__THE TASK__.
Under this line are records; the part from the line containing "affectionate relationship of" through the line containing "two smoked haddock" should be repeated exactly. Please exclude pictures.

__RECORDS__.
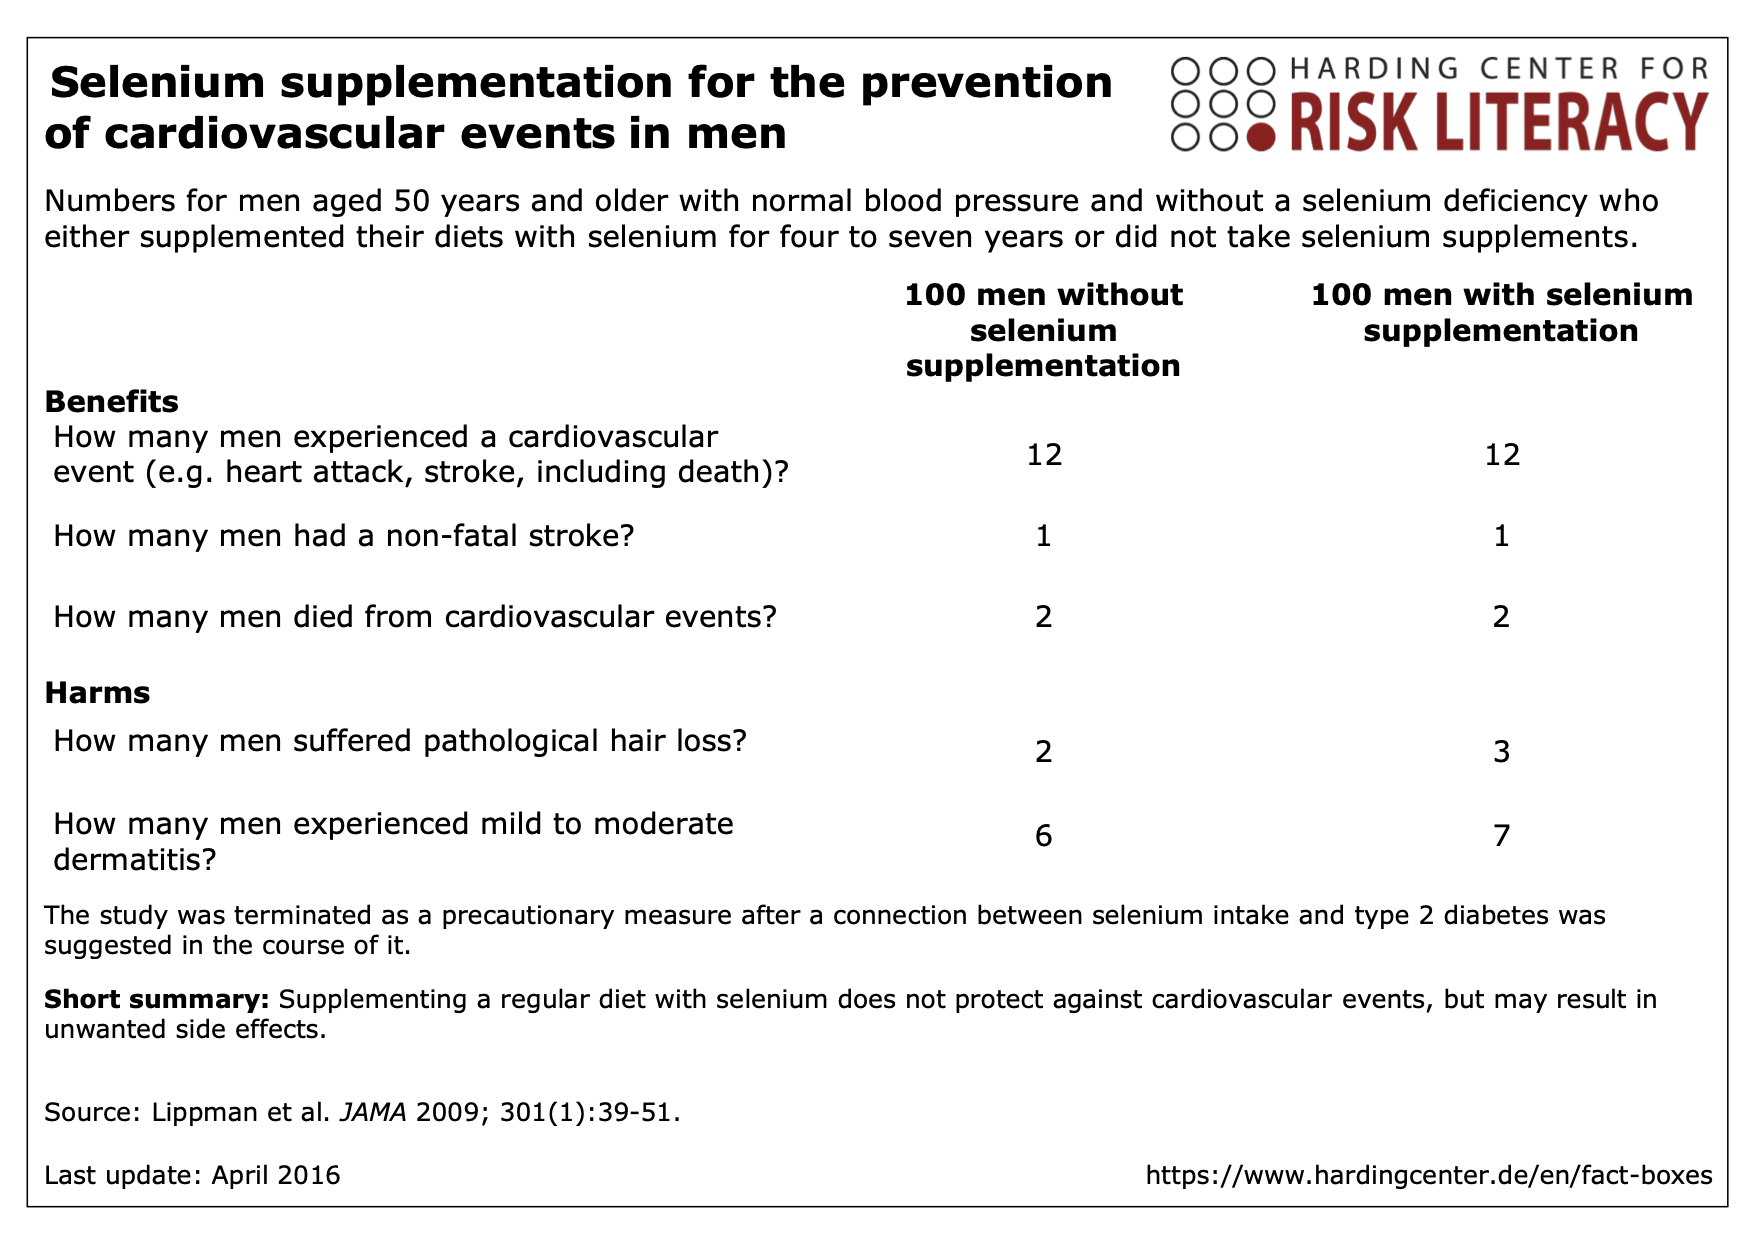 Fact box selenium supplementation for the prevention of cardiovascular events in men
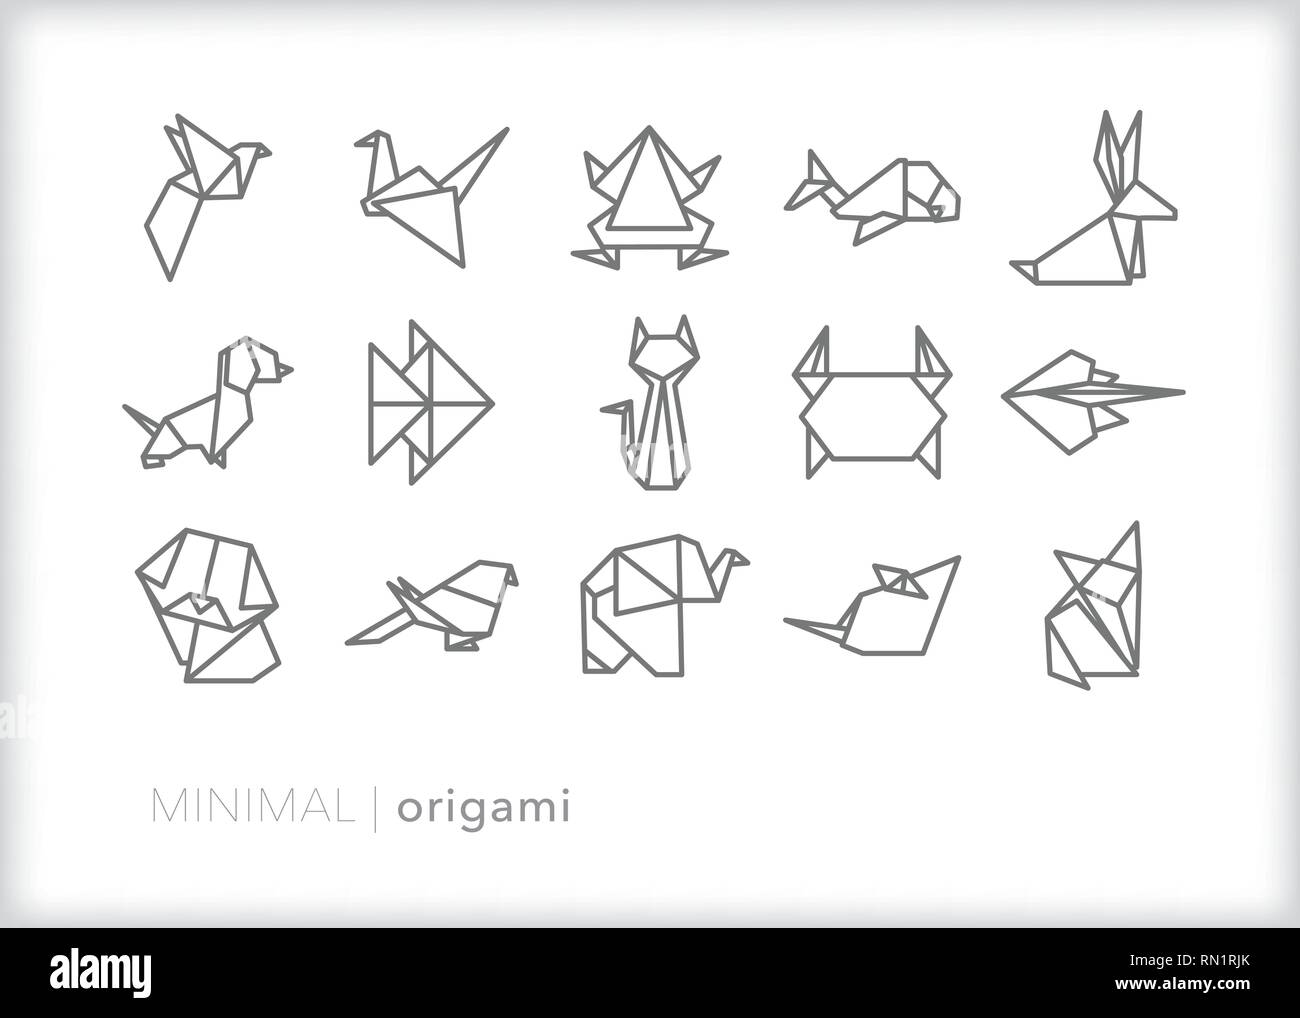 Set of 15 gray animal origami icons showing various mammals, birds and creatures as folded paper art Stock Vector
* * *
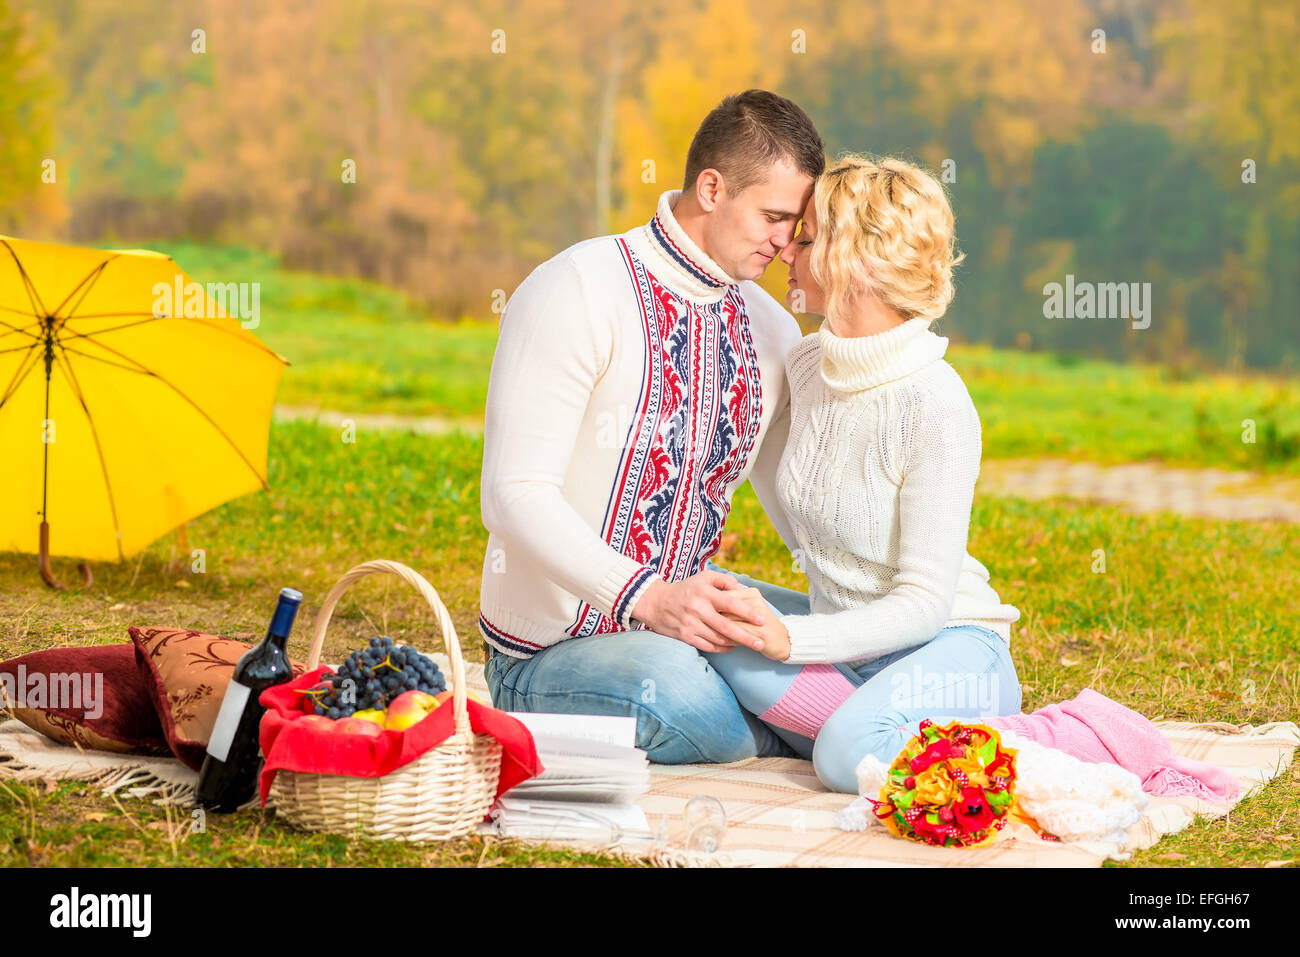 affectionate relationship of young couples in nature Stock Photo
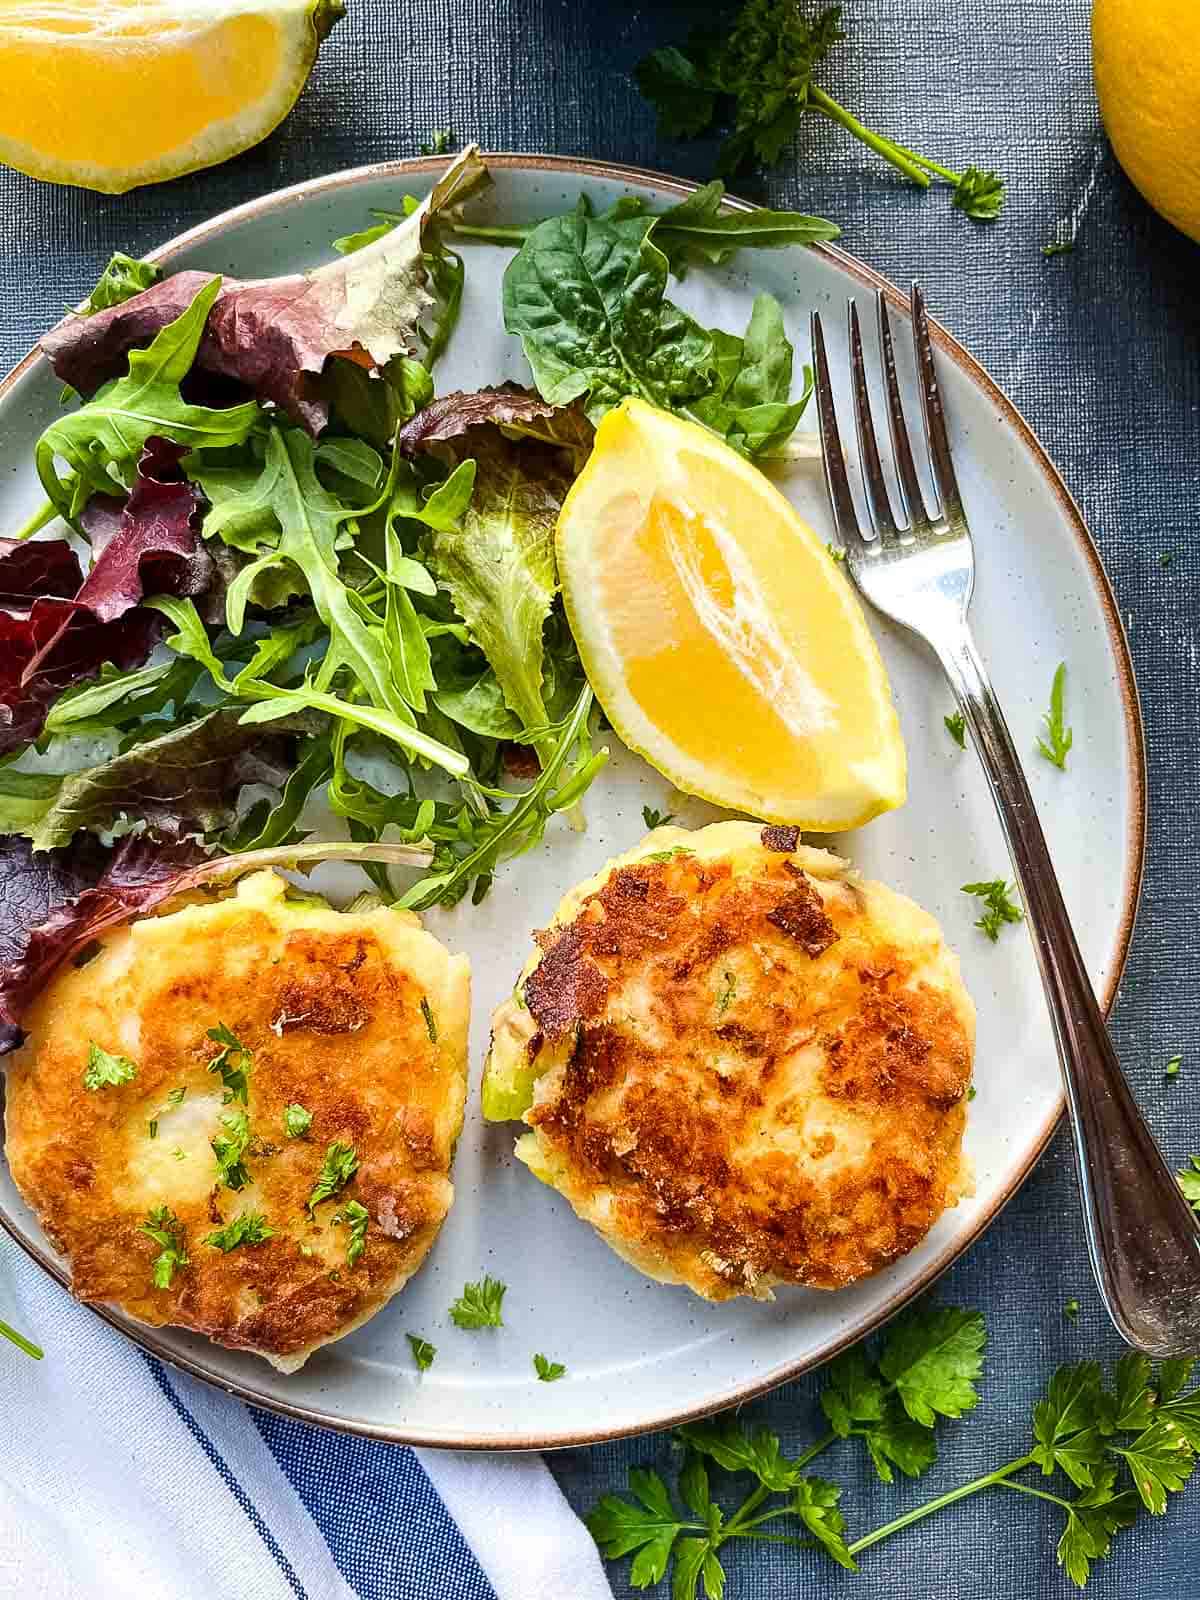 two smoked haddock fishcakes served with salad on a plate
---
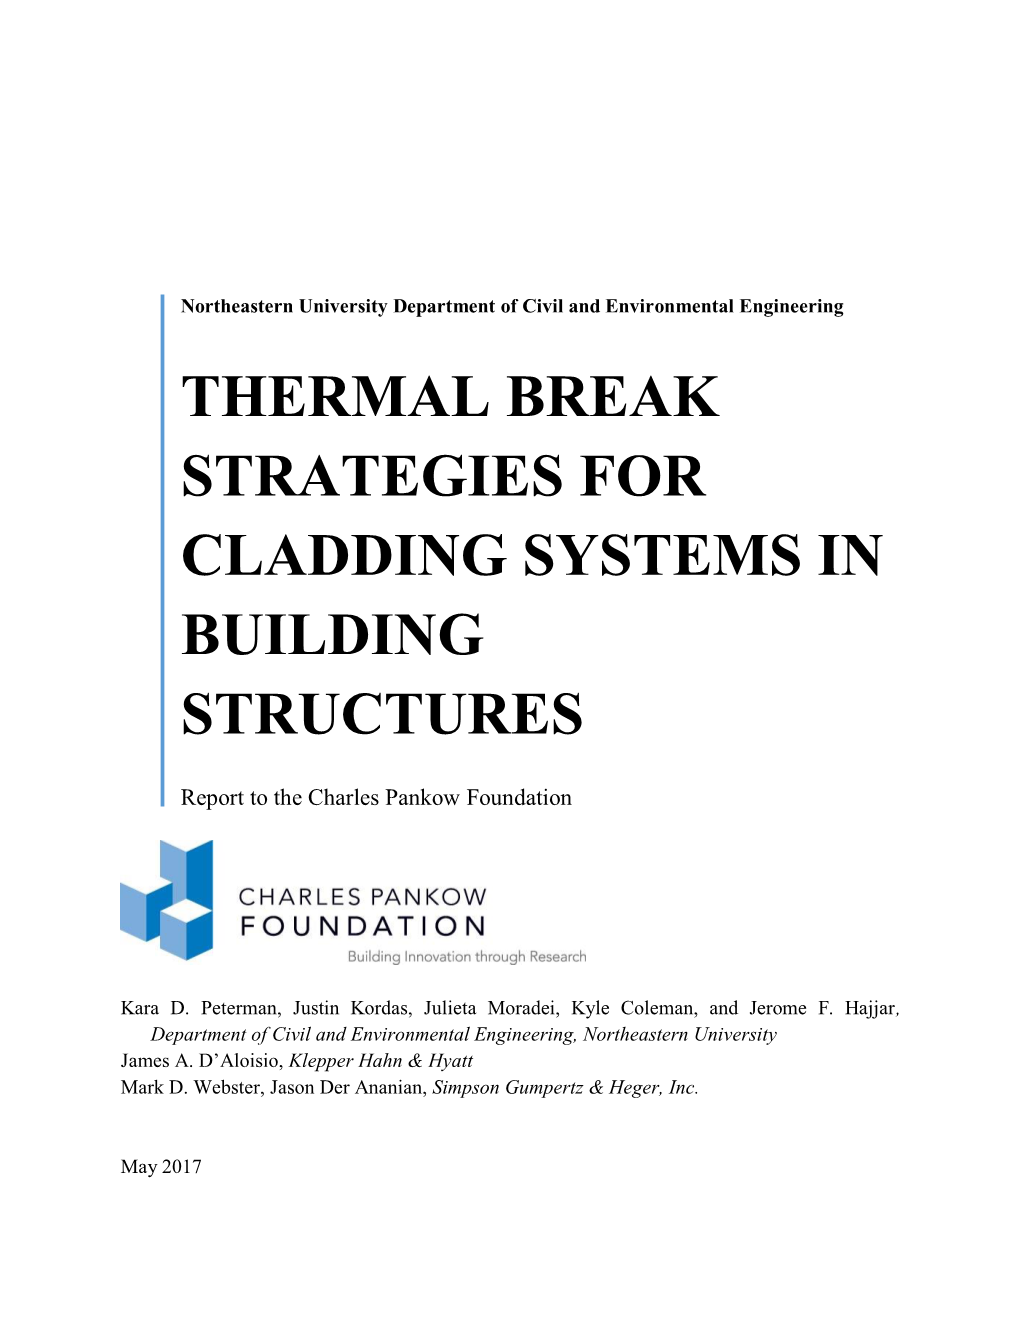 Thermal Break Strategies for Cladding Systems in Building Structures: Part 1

__SOLUTION TO THIS TASK__.
 affectionate relationship of young couples in nature Stock Photo
 two smoked haddock fishcakes served with salad on a plate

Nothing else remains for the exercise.